You need to understand how floating point numbers are represented in the CPU. In the data type, 1 bit is reserved for the sign, i.e. whether it is a positive or negative number, (yes you can have positive and negative 0 in floating point numbers,) then a number of bits is reserved for the significand (or mantissa,) these are the significant digits in the floating point number and finally a number of bits is reserved for the exponent. The value of the floating point number now is:
-1^sign * significand * 2^exponent
This means the smallest number is a very small value, namely the smalles significand with the lowest exponent. The rounding error however is much larger and depends on the magnitude of the number, namely the smallest number with a given exponent. The epsilon is the difference between 1.0 and the next representable larger value. That's why epsilon is used in code that is robust for rounding errors, and really you should scale the epsilon with the magnitude of the numbers you work with if you do it right. The smallest representable value is not really of any significant use normally.
You're seeing the difference between the normalized and denormalized minimum. The problem is that due to the way the significand is used it is possible to make a larger negative exponent than a positive one, say the bit pattern of the significand is all zeros except the last bit, which is one, then the exponent is effectively lowered by the number of bits in the significand. For the maximum you cannot do this, even if you set the significand to all ones, the effective exponent will still only be the exponent that is given. i.e. think of the difference between 0.000001e-10 and 9.999999e+10, the first is much smaller than the second is big. The first is actually 1e-16 while the second is approx 1e+11.

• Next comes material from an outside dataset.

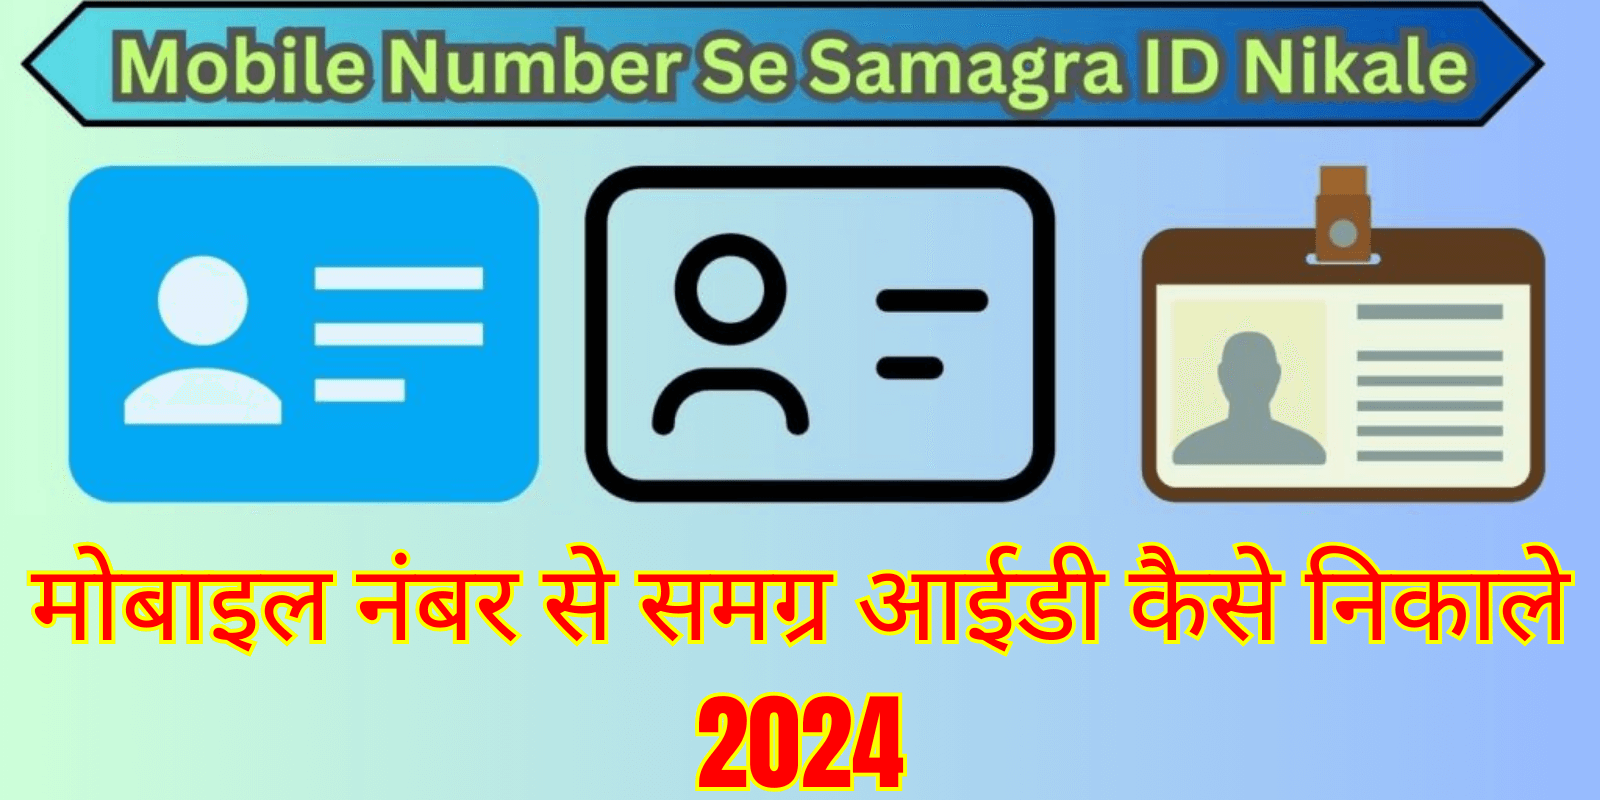 Mobile Number Se Samagra ID Nikale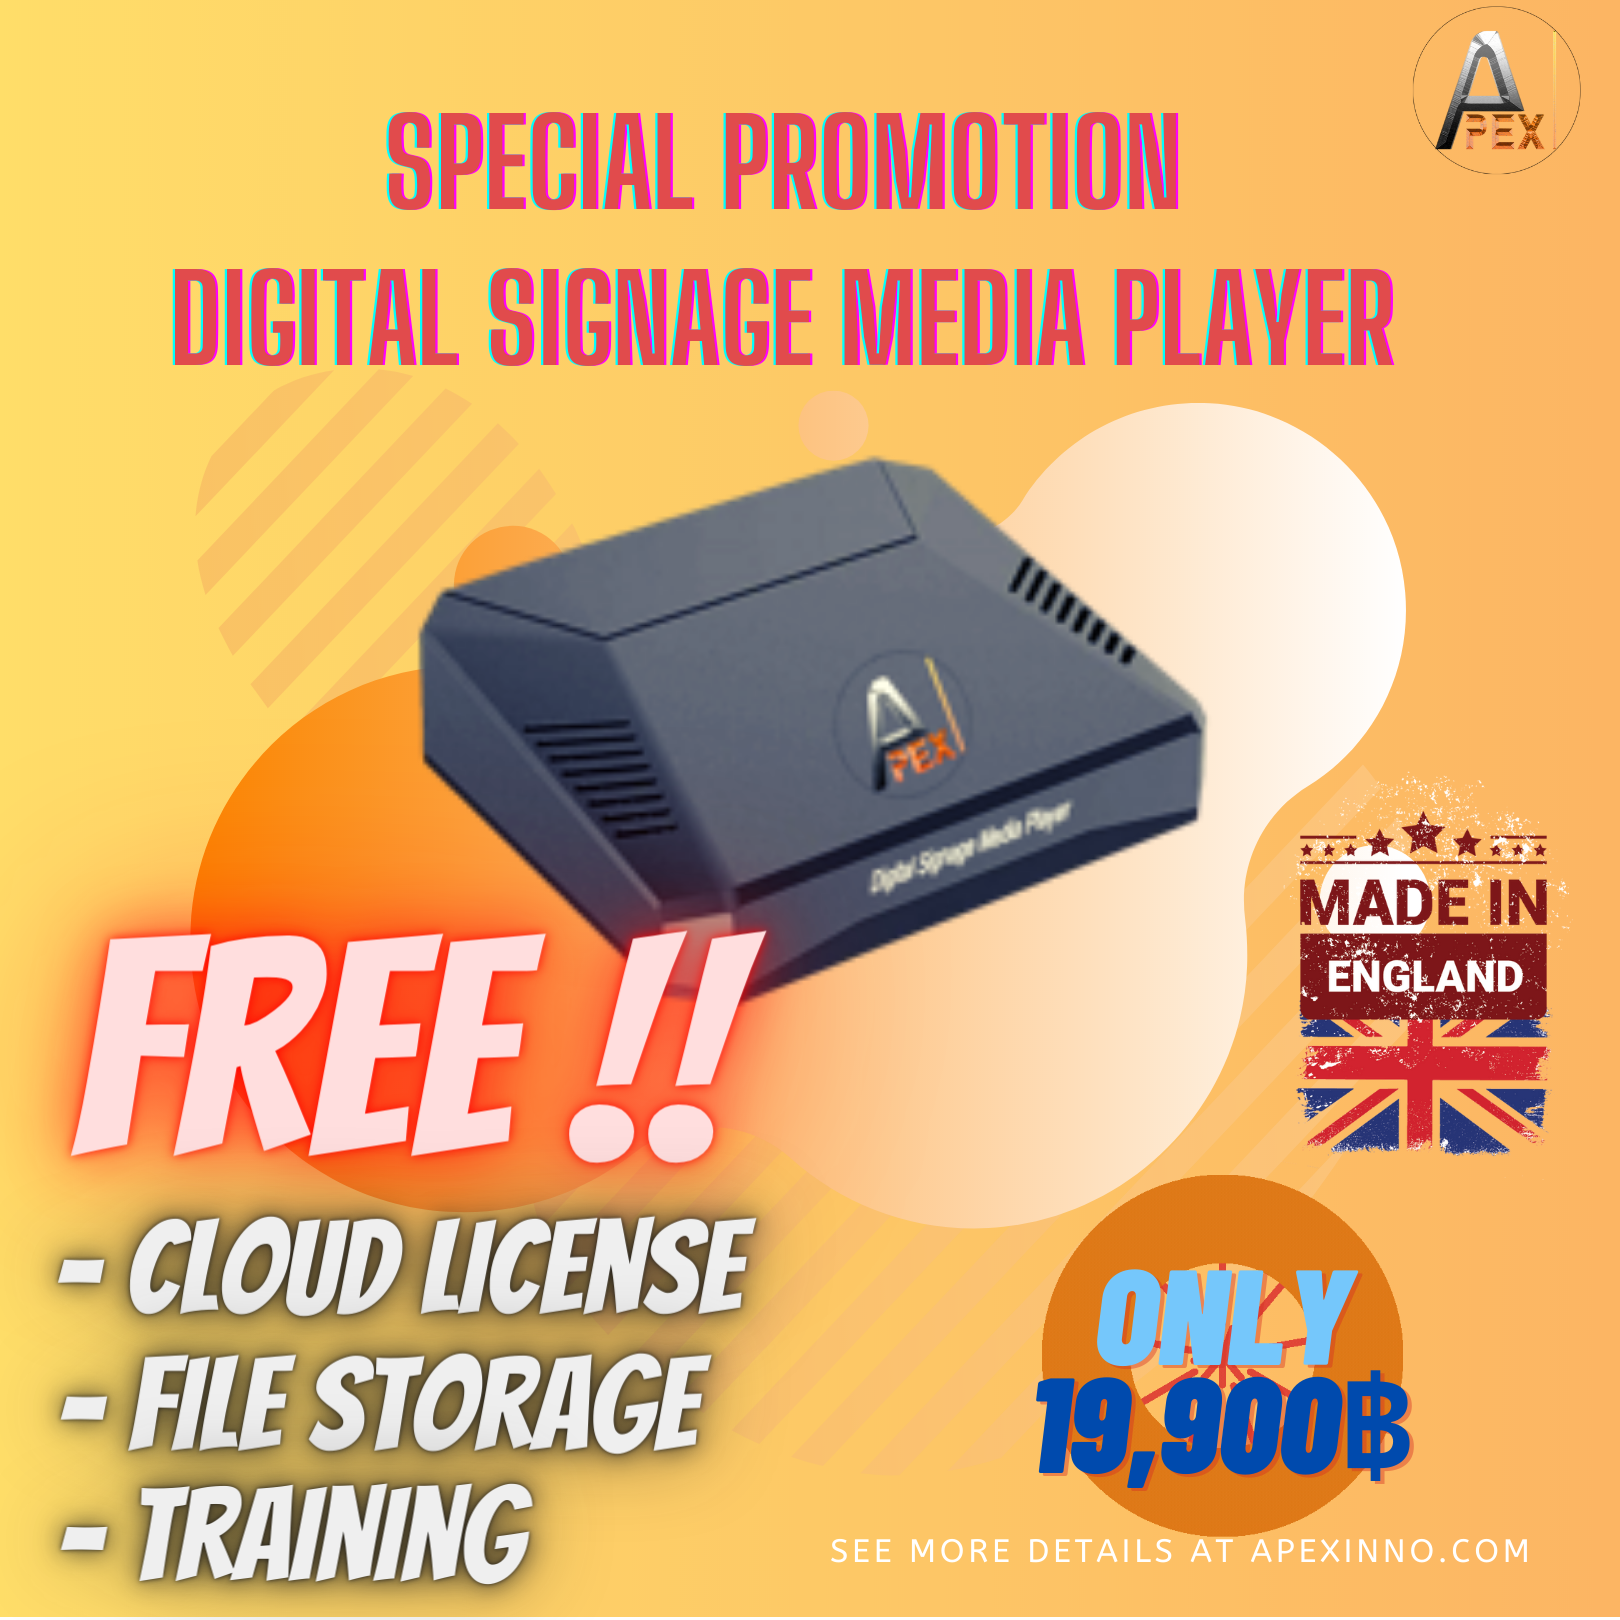 Digital Signage Media Player อัปโฆษณาหรือสื่อต่างๆ ฟรีCloud License ตลอดอายุการใช้งาน รองรับไฟล์ทุกประเภท

It depends on the precision of the floating point number of course. In the case of double precision, the difference between the maximum and the next smaller value is already huge, (along the lines of 10^292,) so your rounding errors will be very big. If the value is too small you will simply get inf instead, as you already saw. Really, there is no strict answer, it depends entirely on the precision of numbers you need. Given that the rounding error is approx epsilon*magnitude, the reciprocal of (1/epsilon) already has a rounding error of around 1.0 if you need numbers to be accurate to 1e-3 then even epsilon would be too big to divide by.
See these wikipedia pages on IEEE754 and Machine epsilon for some background info.
Epsilons are added to test equality between two values that should be equal, but aren't because of rounding errors. While you could use the smallest positive value for epsilon, it wouldn't be optimal, because it's simply too small. The rounding errors caused by floating point arithmetic almost always exceed that smallest value, so a larger epsilon is needed. How large depends on your desired accuracy.
I don't understand the question. Are the reciprocals useful for what? I can't think of any reason why they would be useful.
In general, dividing by very small values is a bad idea as it will cause very large rounding errors. I'm not sure what you mean by adding an upper bound. Just avoid dividing by small values wherever possible.